Kivu Belt process their coffee at the Murundo Washing station, which is located at 1,786m above sea level. Cherries are delivered from Umwizeye’s farms and 300 local producers, who have farms located at 1,700m -2,100m above sea level.

This particular lot of coffee comes from the small producers who deliver to the Murundo Coffee Washing Station. They have small plots of land in hilly terrain (often only accessible by foot) with an average of only 300 coffee trees each. In addition to coffee, they use their land to cultivate crops like maize and beans to feed themselves and their families. Most of their income from the sale of coffee is used to send their children to school, pay for medical care, and for investment in livestock — such as purchasing a cow for milk, which is then used at home and for sale locally.

Umwizeye regards these small producers as heroes — they work incredibly hard in tough conditions to deliver coffee to their washing station, and her mission is to reward their efforts and help improve their livelihood. She ensures they pay the highest possible price for the cherry and that the mill processes the coffee with the utmost care and attention.

 

Umwizeye resides in New York with her Swiss husband, returning to Rwanda frequently during the harvest. Throughout the year she has an awesome team of people that support her, including Gaspar Nsengimana, who is the Chief Agronomist and oversees the entire Kivu Belt project, and Claudeen Kantengwa, who is the managing director of the company. Vicky Sempotore, who has worked in coffee since 2005, is the manager of the Murundo washing station and oversees quality control.

We first visited Umwizeye’s farms in 2015, with our longtime friend and producing partner, Sam Muhirwa of Buf Coffee. We have been working with Muhirwa and his mother, Epiphanie, since 2009. Up until 2014, Buf Coffee’s activities have been concentrated in the Southern Province of Rwanda, where Muhirwa’s family business is based. Over the last couple of years, Muhirwa has been fostering new relationships with producers, providing them with advice and helping them to market their coffees.

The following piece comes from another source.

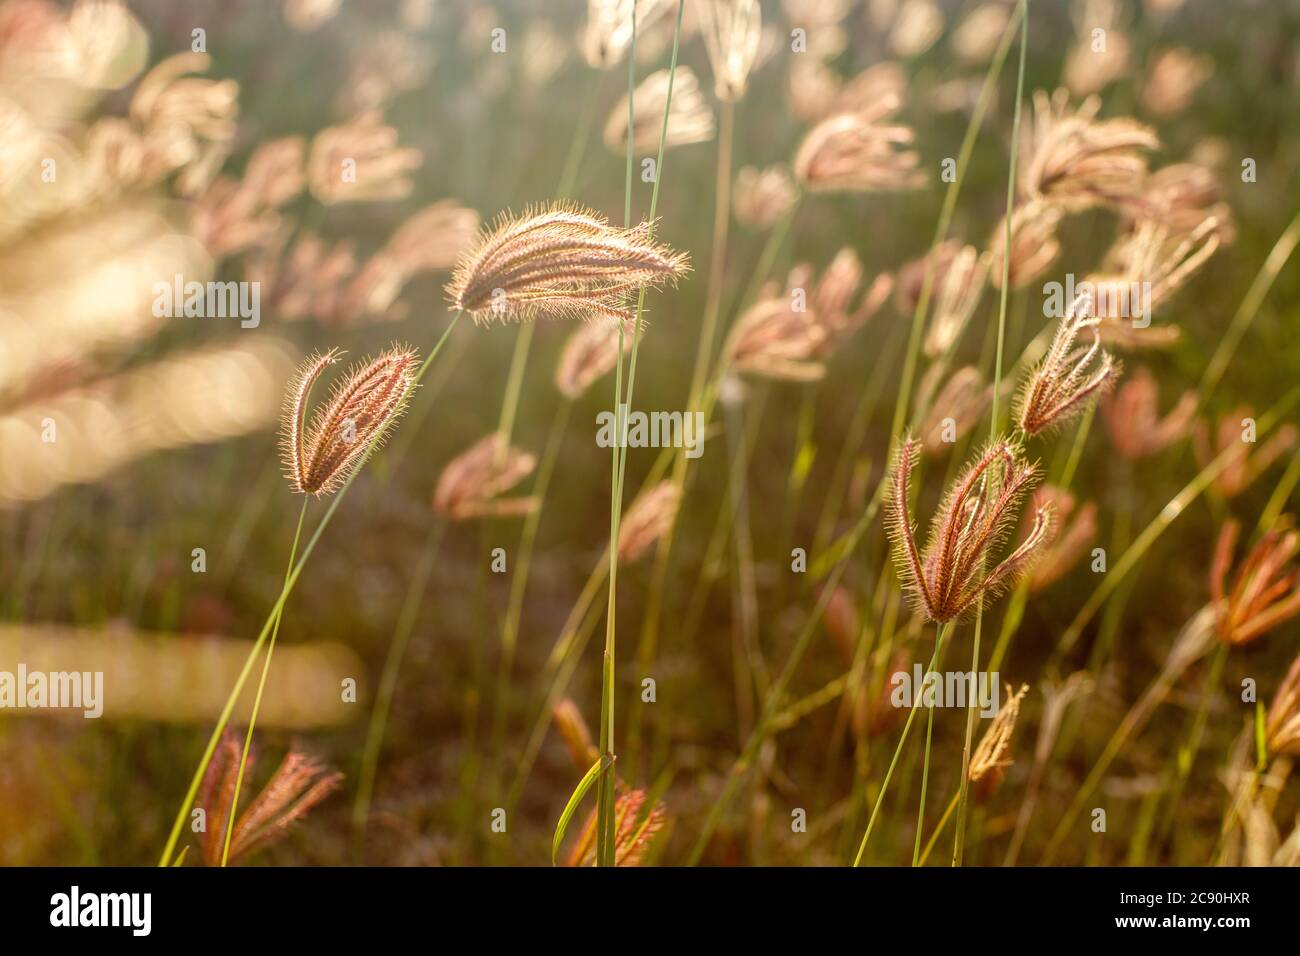 Chloris gayana or Rhodes grass in sunset light. Rural landscape. Bali Island, Indonesia. Natural background. Soft focus. Stock Photo

We are particularly excited about Buf Coffee’s work in the Lake Kivu area, in Rwanda’s West, as the coffees here historically have been quite difficult to access, and yet their potential for exceptional quality is among the highest in Rwanda.

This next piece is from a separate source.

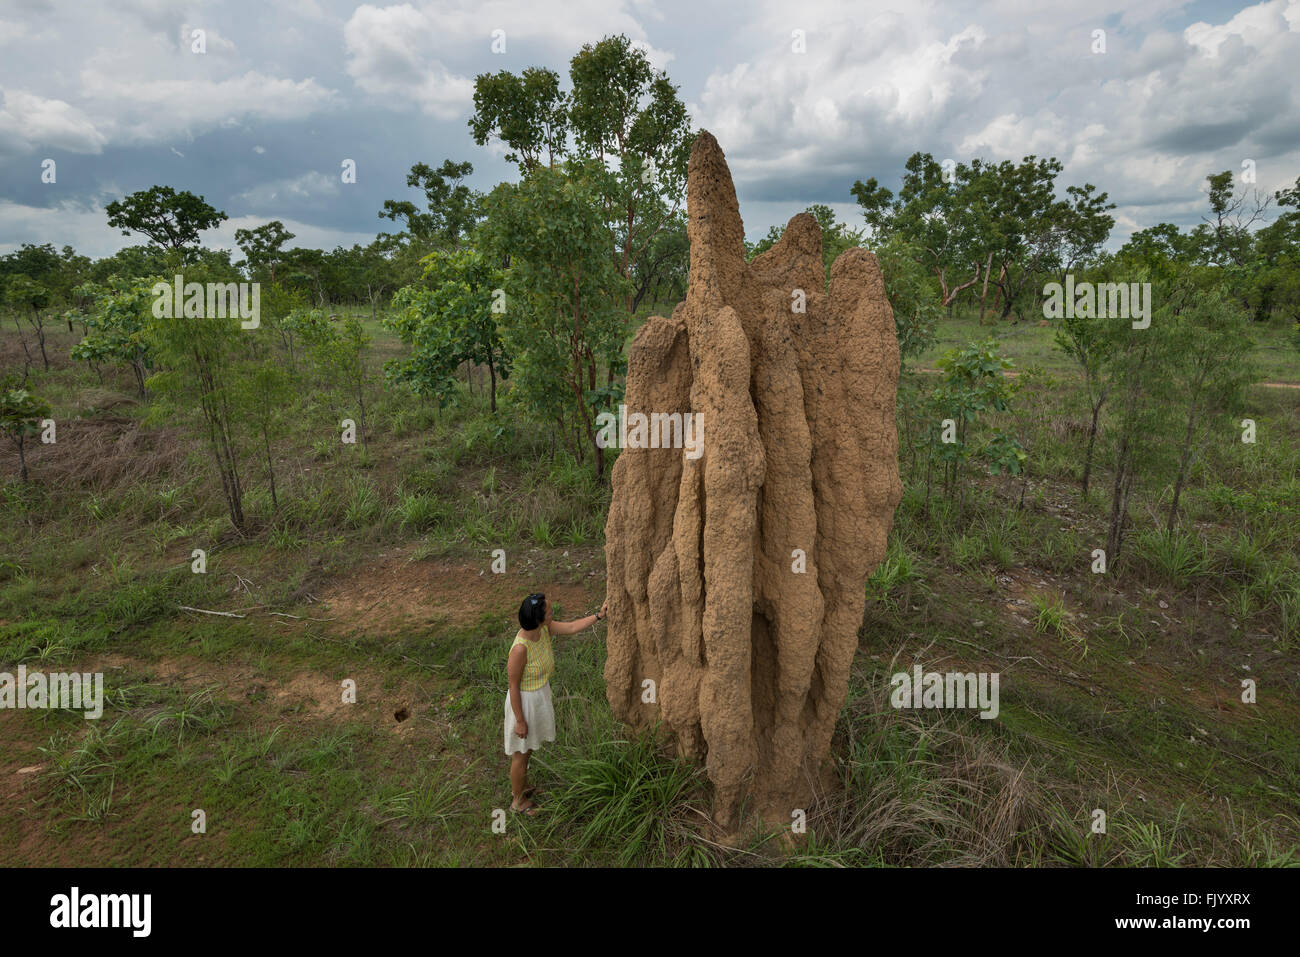 Very tall termite mound with tourist standing beside it to scale. Stock Photo

HOW THIS COFFEE WAS PROCESSED

  • All of the coffee is carefully hand-picked and delivered to the Murundo washing station. Here it is pulped on the same day using a mechanical pulper.
  • The beans (in parchment) are then dry-fermented (in a tank with no added water) overnight for 8–12 hours. They are then sorted again using grading channels; water is sent through the channels and the lighter (i.e. lower grade) beans are washed to the bottom, while the heavier cherries remain at the top of the channel.
  • The wet coffee in parchment is then soaked in water for 20–26 hours (the water is changed every eight hours) before being moved to pre-drying beds where they are intensively sorted for around six hours. This step is always done whilst the beans are still damp because the green (unripe) beans are easier to see. It is also always done in the shade to protect the beans from direct sunlight (which they have found helps to keep the parchment intact and therefore protects the beans better).
  • The sorted beans are dried in a shed for 12 days and then finally moved onto African beds (of which there are 85 in total!) in the direct sun to dry slowly over 21 days. Adopting this staggered approach to the drying has had a positive impact on the cup quality. Whilst drying (in the sheds and in the sun) the coffee is sorted carefully for defects, and turned regularly to ensure the coffee dries evenly. It is also covered in the middle of the day when the sun is at its hottest.
  • Once at 11–12% humidity, the coffee (still in its parchment) is stored in the washing station’s warehouse, in carefully labelled lots, until it is ready for export. The coffee is then sent to Rwanda’s capital, Kigali to be dry-milled under the watchful eye of Sam Muhirwa and his team. Here the parchment is removed, and the beans are sorted again by hand and using machinery to remove any physical defects, and graded according to their screen size.